Mosiah 28:11–12 Textual Variants

Royal Skousen
therefore he took the records which were engraven upon the plates of brass and also the plates of Nephi and all the things which he had kept and preserved according to the commandments of God [ 1|, ABCDEFGHIJKLMNOPQRST] [& >js NULL 1|and A| BCDEFGHIJKLMNOPQRST] after having translated and caused to be written the records which were on the plates of gold which had been found by the people of Limhi which was delivered to him by the hand of Limhi and this he done because of the great anxiety of his people …

The and that was originally at the beginning of the after-clause was removed by Joseph Smith in his editing for the 1837 edition. But no matter what one does, Mormon’s text here ends up creating an incomplete thought. At the beginning of this verse, in reference to king Mosiah, Mormon writes “therefore he took the records”; but then Mormon gets diverted from telling us what Mosiah did with the records and starts discussing the translation of the Jaredite record. Finally, in verse 20 Mormon returns to his original idea that he introduced at the beginning of verse 11 and completes what he originally wanted to say about Mosiah transferring all the records to Alma:

The removal of the and from before the after-clause in verse 11 doesn’t really help anyway since verses 11–19 lead to a diversion from what Mormon originally intended to say.

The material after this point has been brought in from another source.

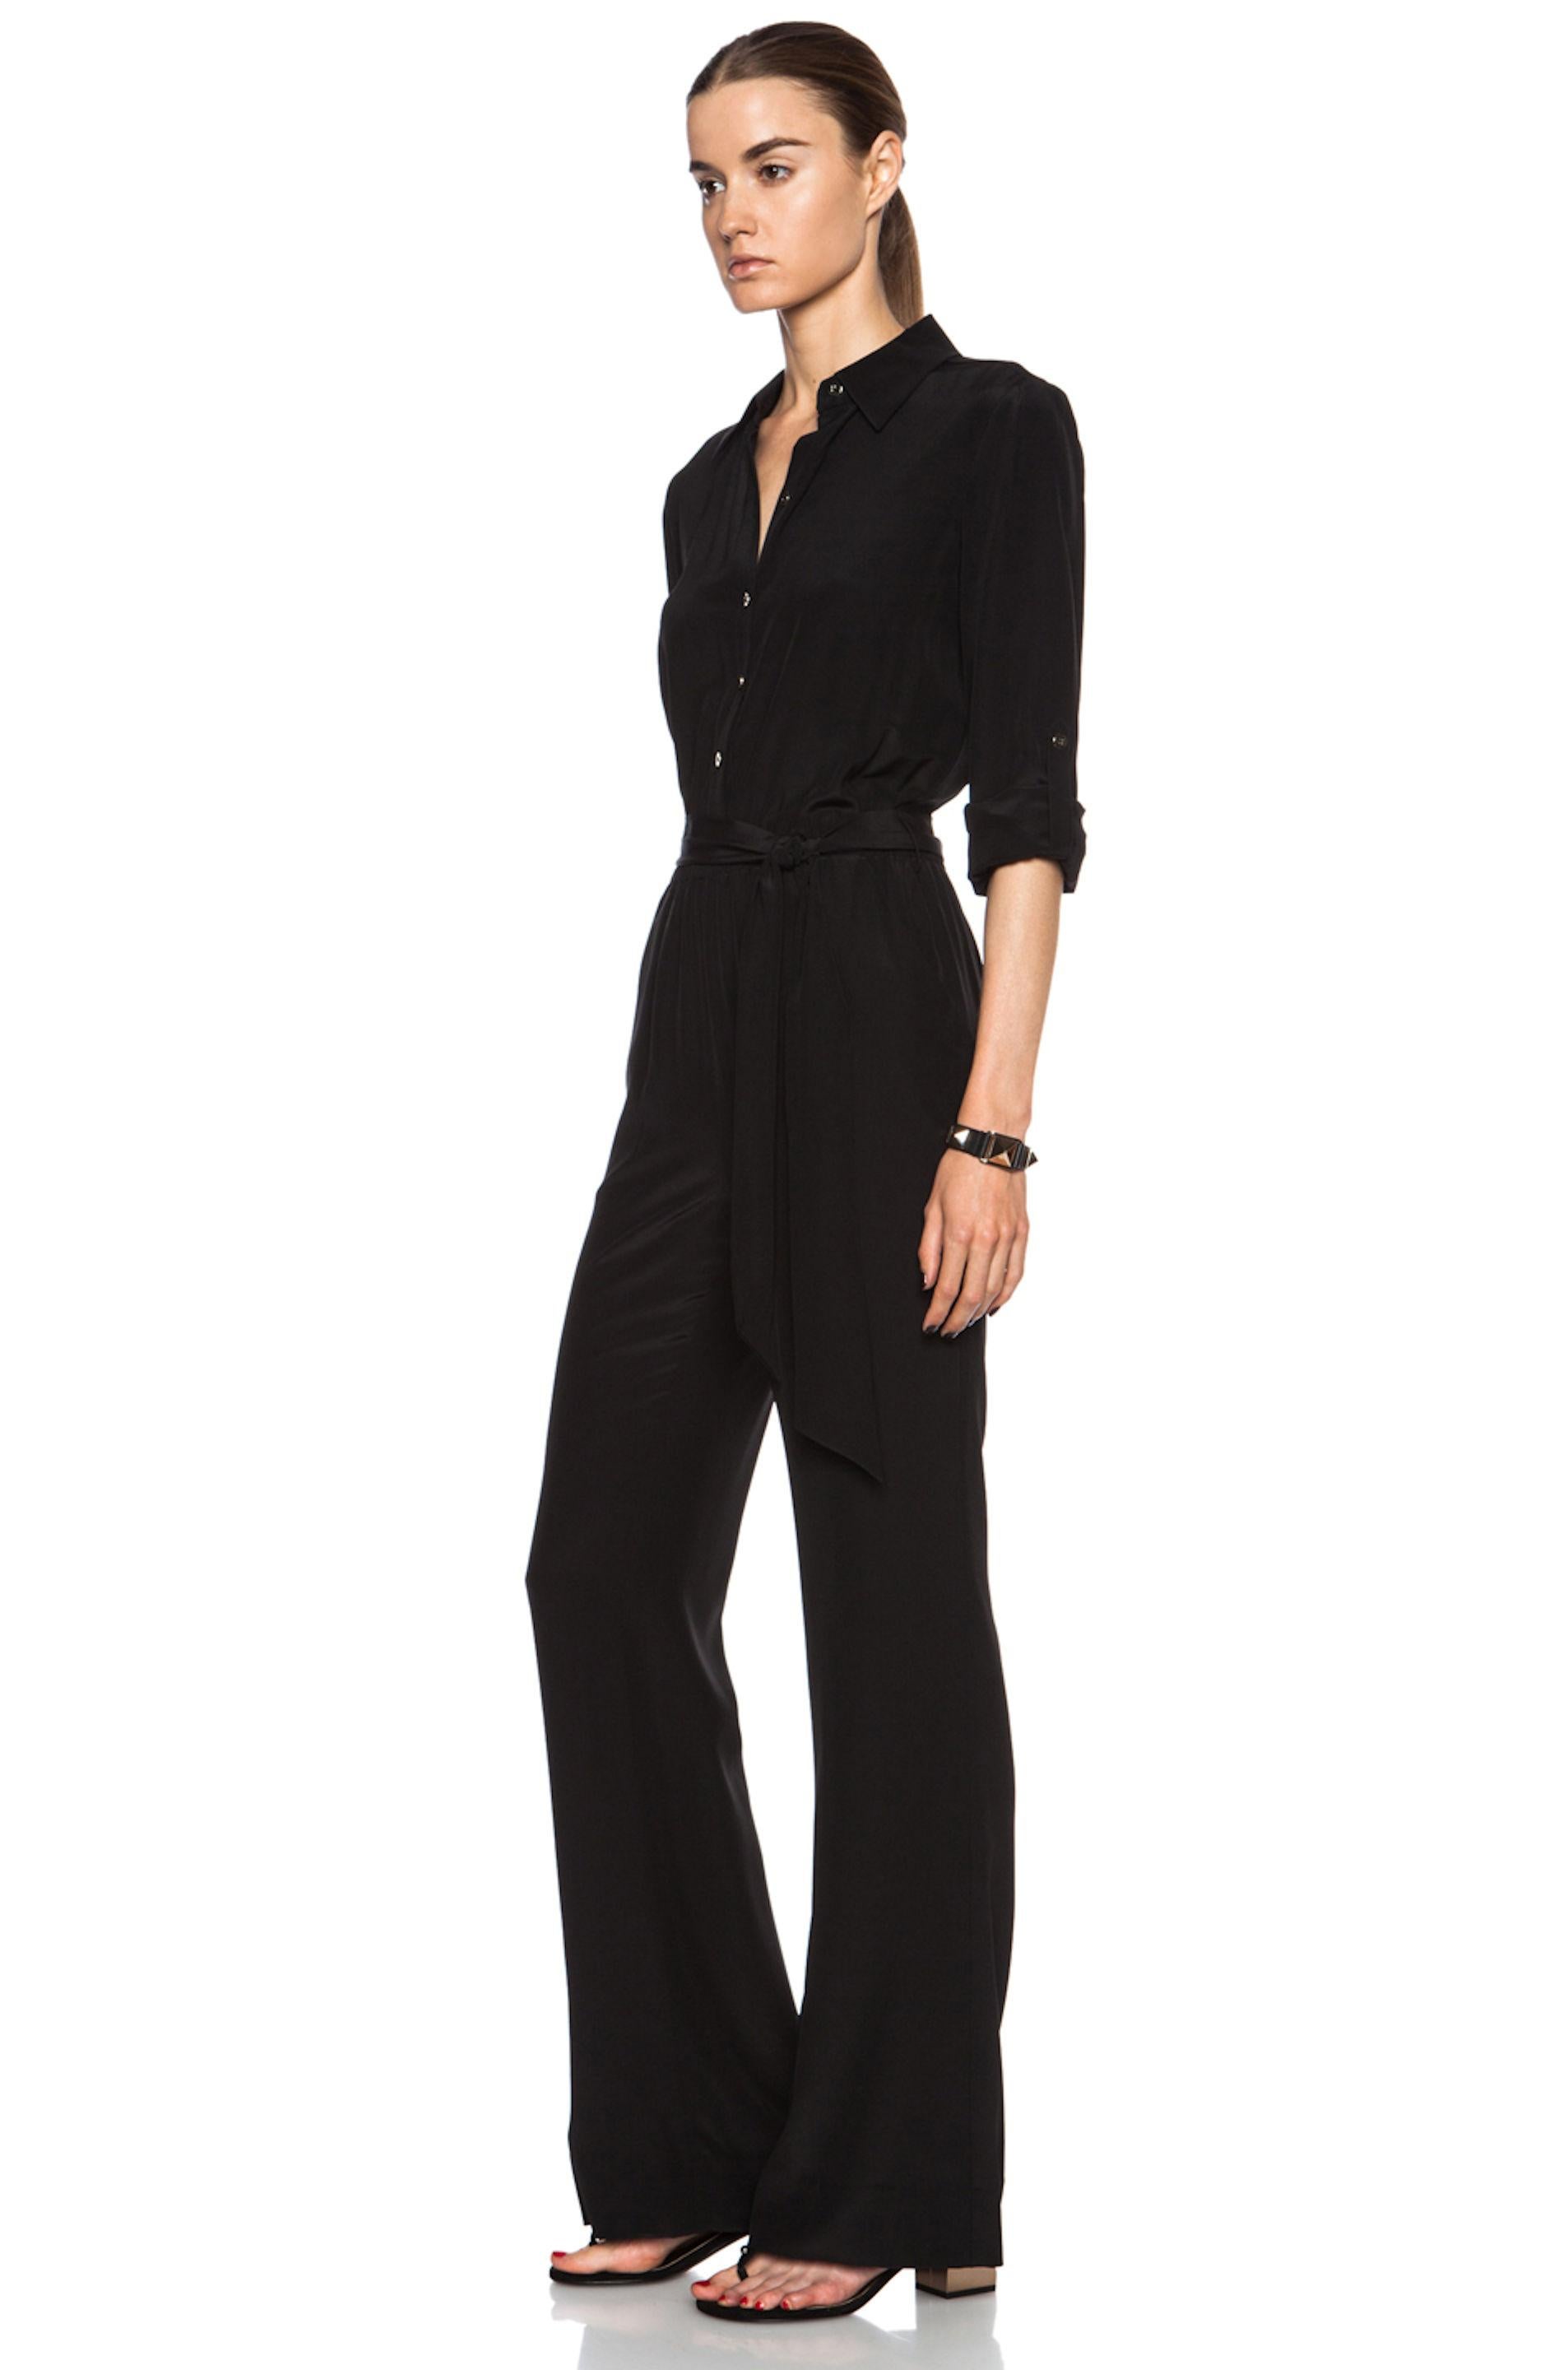 NEW DVF Diane von Furstenberg Black Silk Jumpsuit Overall Size US8 5

One advantage of keeping the and is that it forces the reader to keep waiting for some semantic closure (which finally comes in verse 20). In the original Book of Mormon chapter system, verse 20 occurred at the beginning of a chapter (namely, Mosiah XIII). When Orson Pratt versified the LDS text for the 1879 edition and redid the chapter system, he put the first part of the original chapter XIII at the end of his new chapter 28. Apparently, his idea was to make sure that the topic introduced in verse 11 of his chapter 28 would be semantically completed within the same chapter.

Summary: Restore the and in Mosiah 28:11; this additional and helps to maintain the incomplete nature of the textual diversion in verses 11–19; only in verse 20 is the topic that Mormon introduced in verse 11 finally completed.